──────── DATA LISTING ────────

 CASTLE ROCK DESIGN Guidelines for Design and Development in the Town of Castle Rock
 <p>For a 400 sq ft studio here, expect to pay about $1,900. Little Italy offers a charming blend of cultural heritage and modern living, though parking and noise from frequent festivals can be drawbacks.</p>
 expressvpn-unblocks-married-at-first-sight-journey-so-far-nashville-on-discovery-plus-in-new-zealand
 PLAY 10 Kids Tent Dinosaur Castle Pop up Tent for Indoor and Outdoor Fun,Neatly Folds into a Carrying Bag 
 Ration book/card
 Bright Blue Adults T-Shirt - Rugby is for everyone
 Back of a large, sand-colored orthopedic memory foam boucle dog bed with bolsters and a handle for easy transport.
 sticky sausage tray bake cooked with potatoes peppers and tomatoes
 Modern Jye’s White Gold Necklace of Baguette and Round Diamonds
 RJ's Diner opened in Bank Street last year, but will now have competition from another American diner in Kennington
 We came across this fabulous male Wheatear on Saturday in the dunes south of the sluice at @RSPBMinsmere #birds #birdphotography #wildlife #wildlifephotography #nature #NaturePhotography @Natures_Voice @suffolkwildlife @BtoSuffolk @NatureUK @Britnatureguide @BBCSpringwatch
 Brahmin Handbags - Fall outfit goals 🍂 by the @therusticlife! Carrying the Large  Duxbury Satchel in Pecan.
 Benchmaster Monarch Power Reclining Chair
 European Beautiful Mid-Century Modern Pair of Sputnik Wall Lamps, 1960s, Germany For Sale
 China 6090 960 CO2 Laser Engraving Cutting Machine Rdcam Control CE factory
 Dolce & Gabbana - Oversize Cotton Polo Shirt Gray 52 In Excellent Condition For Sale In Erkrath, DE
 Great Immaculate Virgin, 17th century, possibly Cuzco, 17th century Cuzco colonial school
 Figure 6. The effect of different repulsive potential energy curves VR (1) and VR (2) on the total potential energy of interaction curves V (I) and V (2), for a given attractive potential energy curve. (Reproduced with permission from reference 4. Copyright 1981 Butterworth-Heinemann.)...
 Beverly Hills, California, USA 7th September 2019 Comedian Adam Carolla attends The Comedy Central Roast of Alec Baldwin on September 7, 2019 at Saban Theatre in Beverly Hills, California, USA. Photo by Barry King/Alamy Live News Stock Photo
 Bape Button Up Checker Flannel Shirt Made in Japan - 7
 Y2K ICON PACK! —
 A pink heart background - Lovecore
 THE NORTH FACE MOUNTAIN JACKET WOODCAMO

────────

* _TASK_:
Copy the entries above exactly, but only from the line holding "We came across" through the line holding "China 6090 960", both included.

* _EXERCISE RESPONSE_:
 We came across this fabulous male Wheatear on Saturday in the dunes south of the sluice at @RSPBMinsmere #birds #birdphotography #wildlife #wildlifephotography #nature #NaturePhotography @Natures_Voice @suffolkwildlife @BtoSuffolk @NatureUK @Britnatureguide @BBCSpringwatch
 Brahmin Handbags - Fall outfit goals 🍂 by the @therusticlife! Carrying the Large  Duxbury Satchel in Pecan.
 Benchmaster Monarch Power Reclining Chair
 European Beautiful Mid-Century Modern Pair of Sputnik Wall Lamps, 1960s, Germany For Sale
 China 6090 960 CO2 Laser Engraving Cutting Machine Rdcam Control CE factory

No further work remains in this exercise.